All those efforts appeared to be in vain with 2: 02 left in overtime after Greg Ostertag scored on a dunk that gave the Jazz a 115-110 lead that had some fans headed for the exits.

But who could have figured that a team with one of the best one-two punches in Stockton (19 points, seven assists) and Karl Malone (32 points, 11 rebounds, eight assists) would go scoreless the rest of the way.

But that's what happened. The Bullets tied the game at 115 on a free throw by Price, and took a 116-115 lead after a free throw by Muresan with 50 seconds left.

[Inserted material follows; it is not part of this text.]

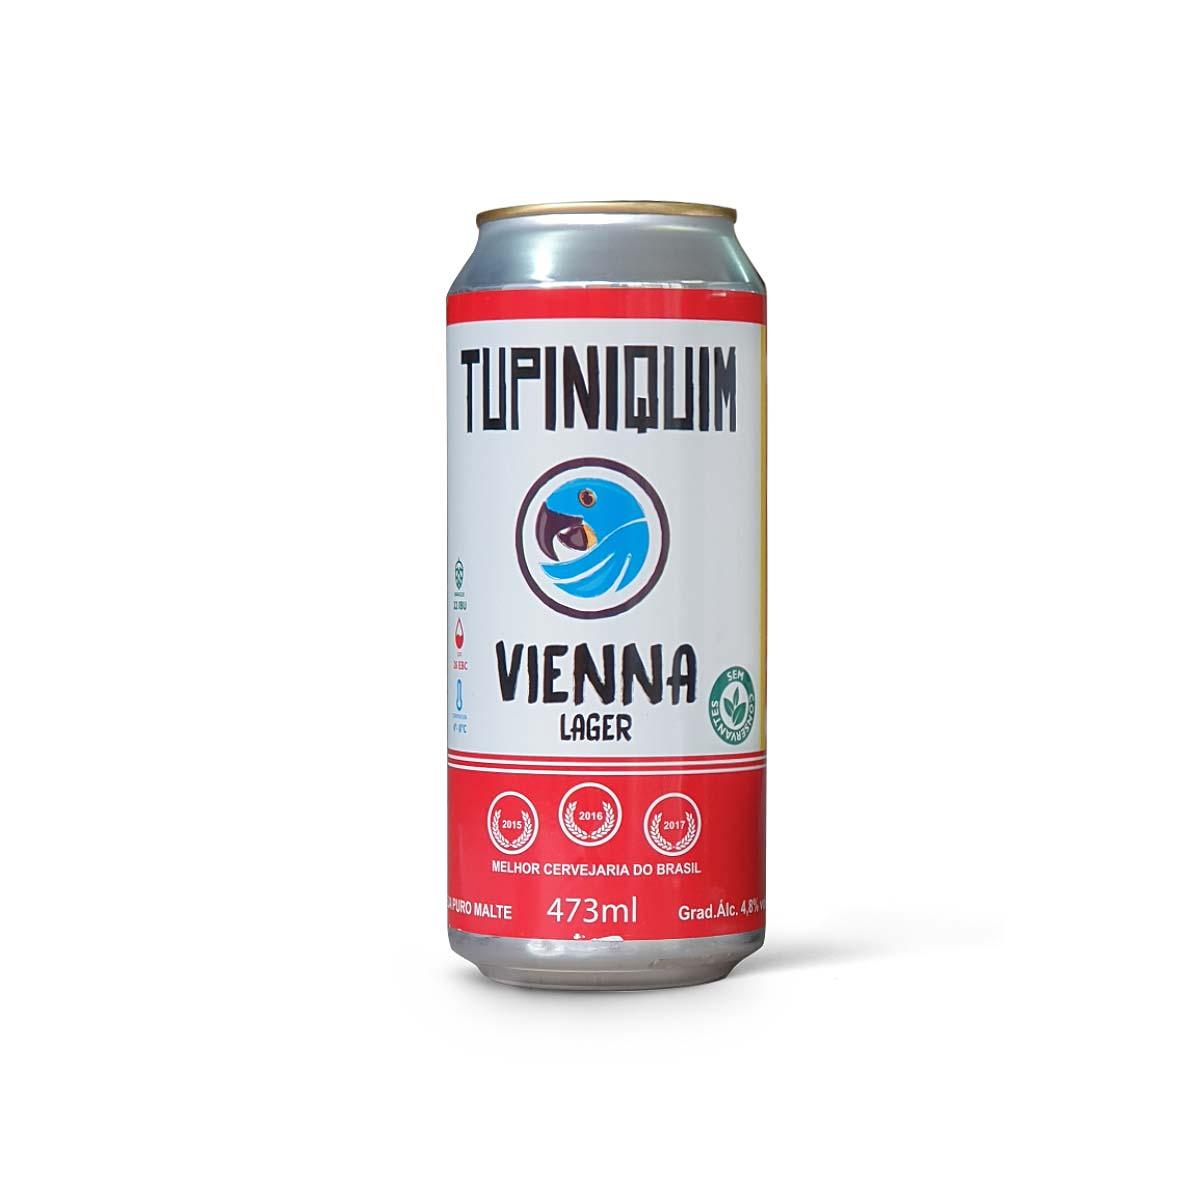 Tupiniquim Vienna Lager 473ml lata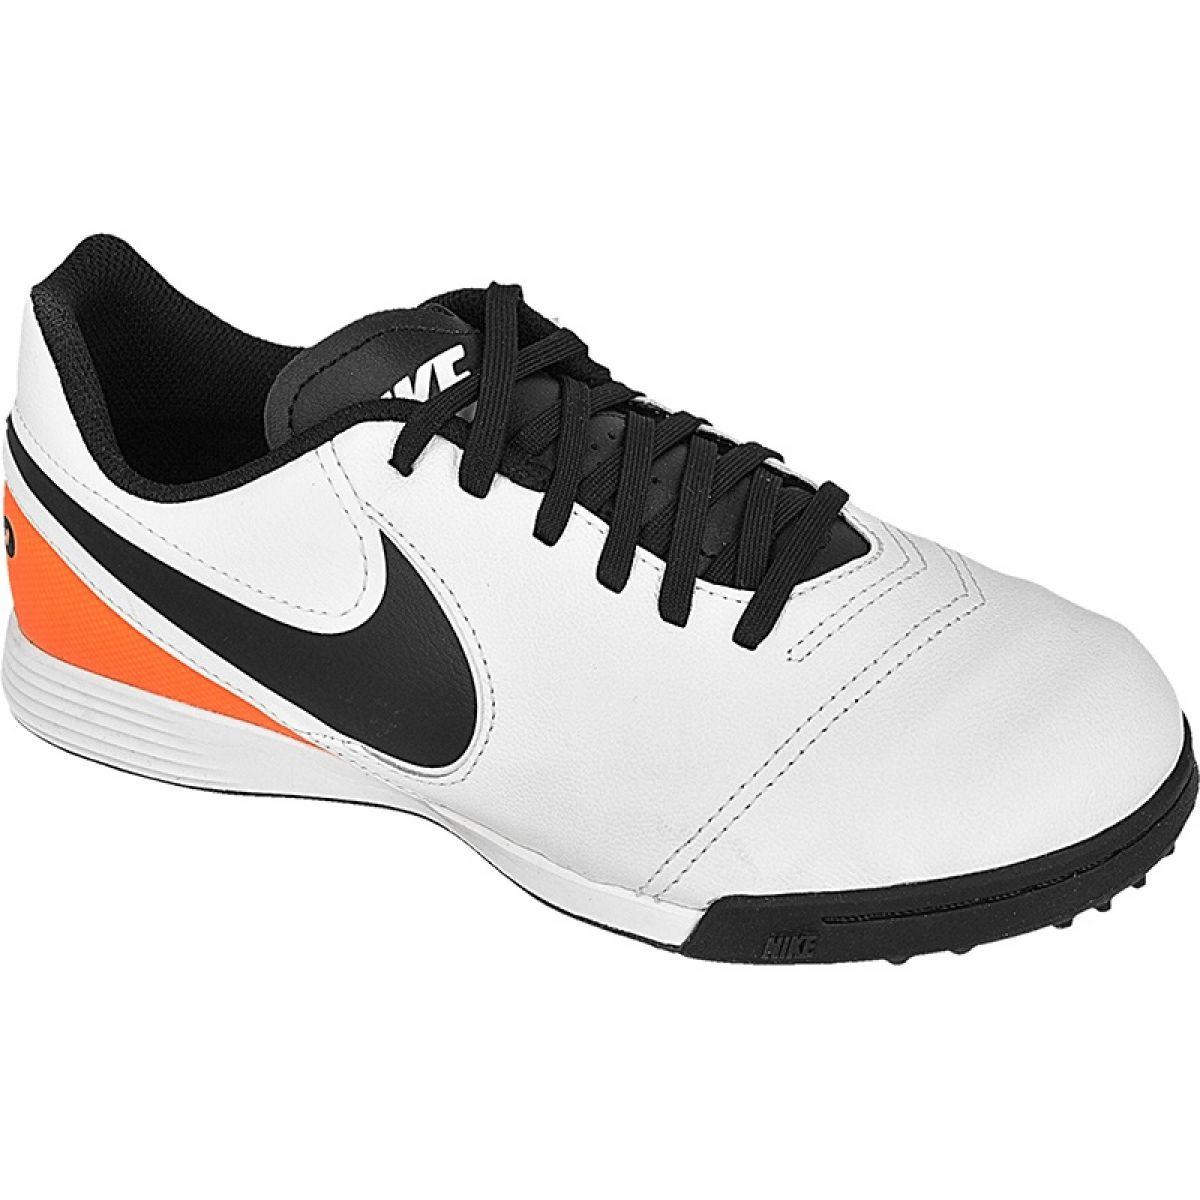 separation shoes c8f62 64b14 Football boots Nike Tiempo Legend Vi Tf Jr 819191-108

The Jazz had a chance to reclaim the lead, but Antoine Carr's layup attempt was blocked by Muresan (five blocks). The Bullets controlled the rebound, and Howard hit a jumper over Malone with 15 seconds left for a 118-115 lead.

Needing a three to tie, Utah got the ball into the hands of Stockton, who was bumped by Tim Legler before he lofted an attempt. The shot went in and the Jazz thought it had a potentially game-winning four-point play. But the official ruled that the foul came before the shot, a call that appeared to be backed by replays.

"They were obviously trying to foul, we knew they were trying to foul, and I had a shot and finished it," Stockton said. "Piece of cake call."

Legler disagreed.

"I just kept hitting him and hitting him. I fouled him long before the whistle blew," Legler said. "When he made the shot, I was praying. The ref didn't blow the whistle until much later."

Because the basket was waved off, the Bullets were able to win their second game over a top team in the Western Conference in the past two weeks. On March 6 the Bullets defeated Seattle, the top team in the West. Utah (44-20) has the third best record.

The win marked the latest of impressive efforts from Wallace, who provided a spark when the Bullets needed it most. Starting the fourth quarter with four fouls and with Howard on the bench, Wallace scored 10 points during a 16-6 run that turned a seven-point deficit into a 92-89 lead after his jumper with 7: 03 left in the fourth.

"I had to just pick it up where [Juwan] left off," Wallace said. "I just wanted to go in and give the team a little bit of energy. It was a big win for us, and let everyone know that we're still fighting for that playoff spot."